**SUPPLIED MATERIAL:**
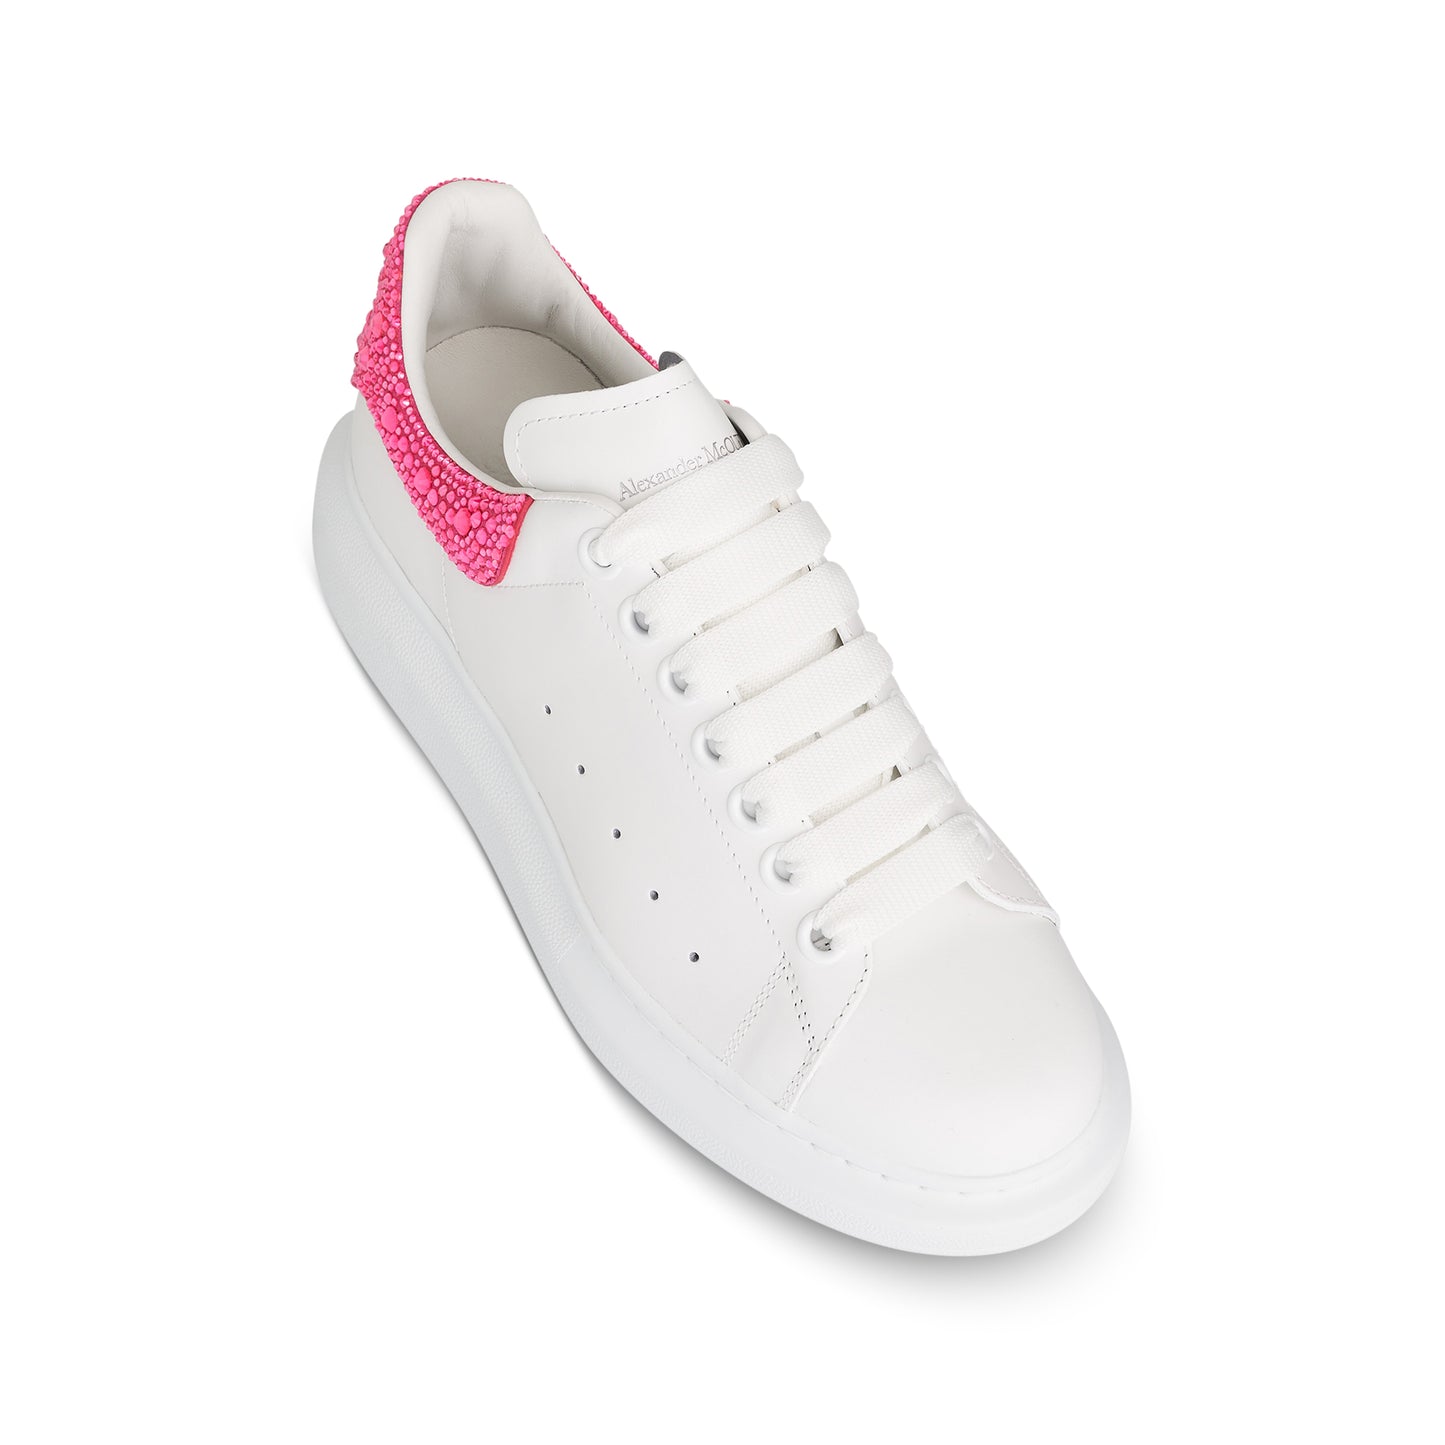 Larry Oversized Suede Sneaker in White/Halo Pink
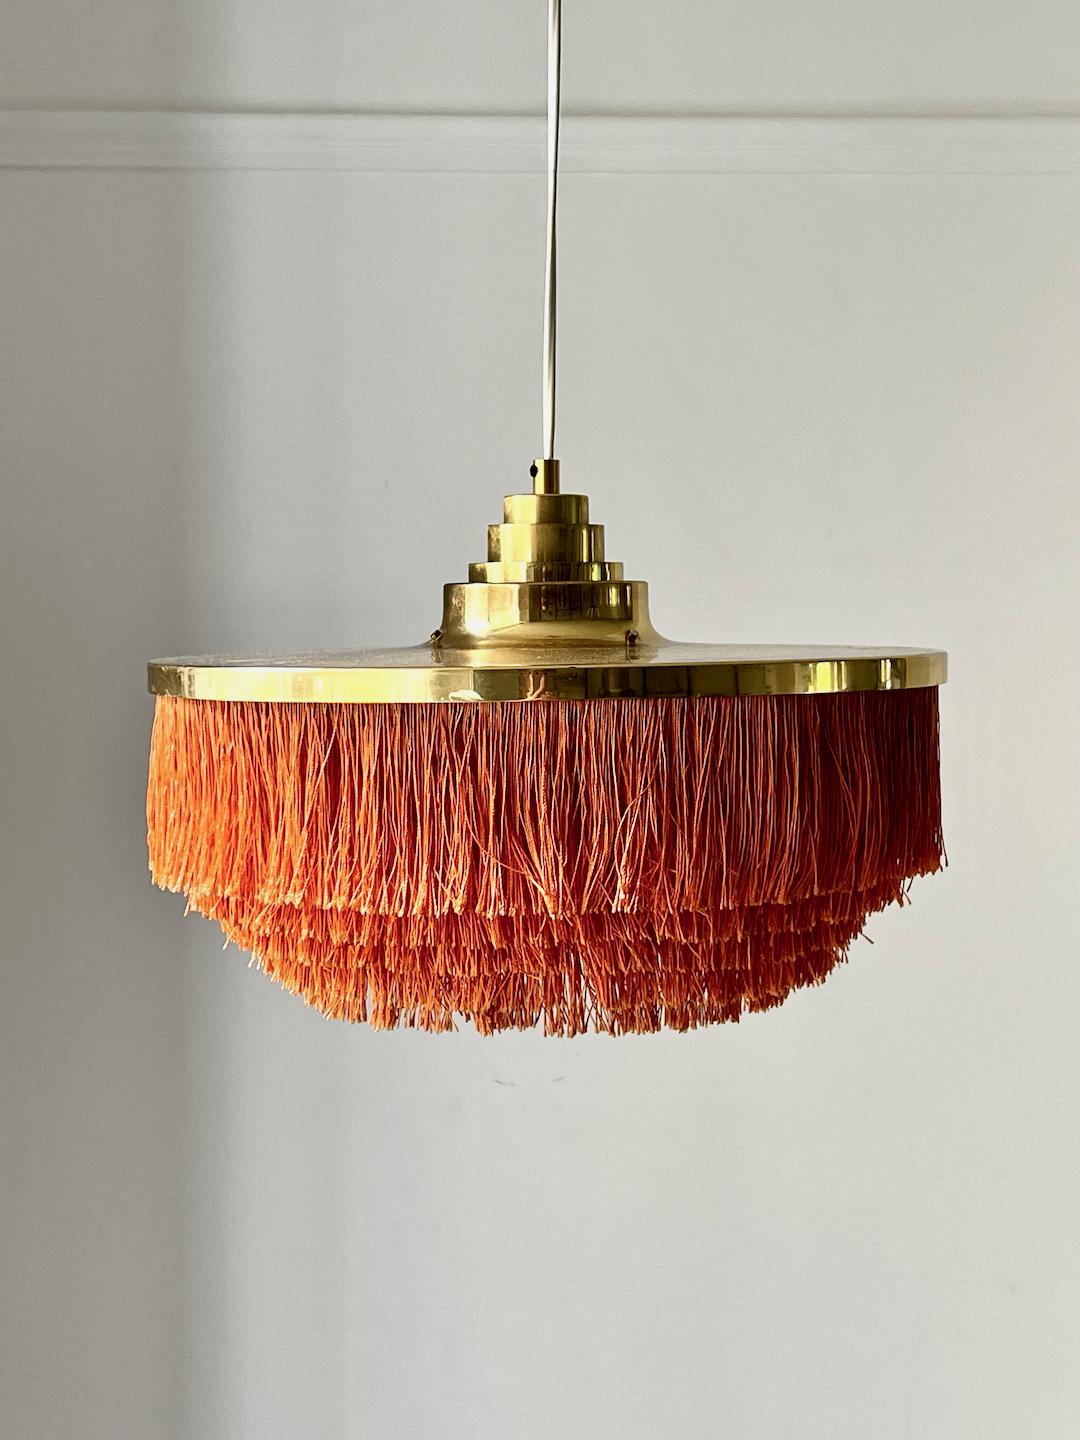 Pendant light by the Swedish designer Hans Agne Jakobsson for his own company in Markaryd. A very nice piece of Scandinavian modern design with aged patina. Labelled.

Large brass canopy with stepped detail and layered fringes in orange silk. Brass
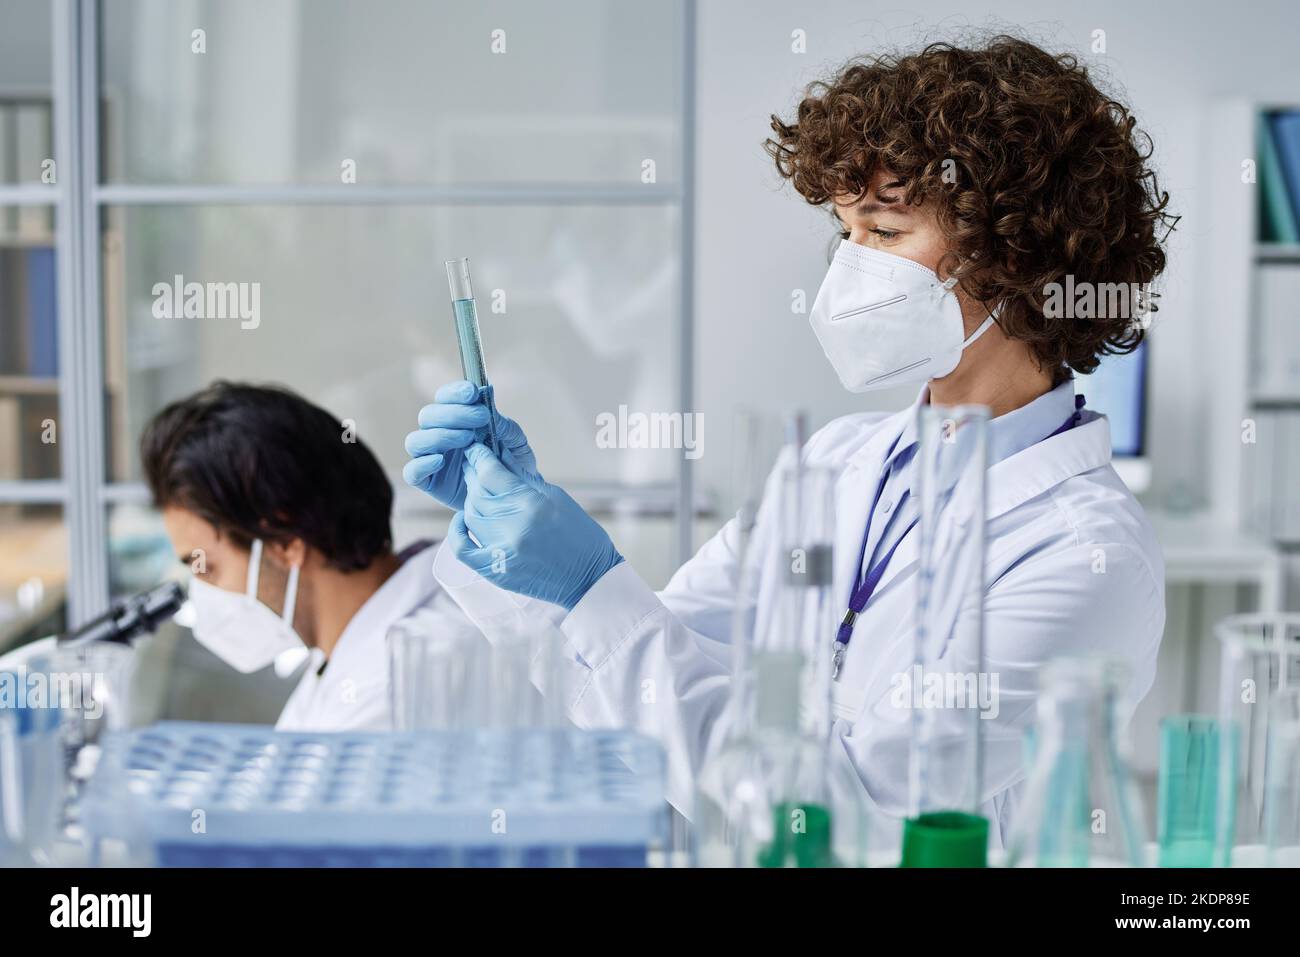 Young female scientist in respirator, labcoat and protective gloves looking at flask with blue liquid against colleague Stock Photo

**PROBLEM STATEMENT:**
Leave out the images and copy all remaining data word for word.

**SOLUTION:**
 Larry Oversized Suede Sneaker in White/Halo Pink
 Pendant light by the Swedish designer Hans Agne Jakobsson for his own company in Markaryd. A very nice piece of Scandinavian modern design with aged patina. Labelled.

Large brass canopy with stepped detail and layered fringes in orange silk. Brass
 Young female scientist in respirator, labcoat and protective gloves looking at flask with blue liquid against colleague Stock Photo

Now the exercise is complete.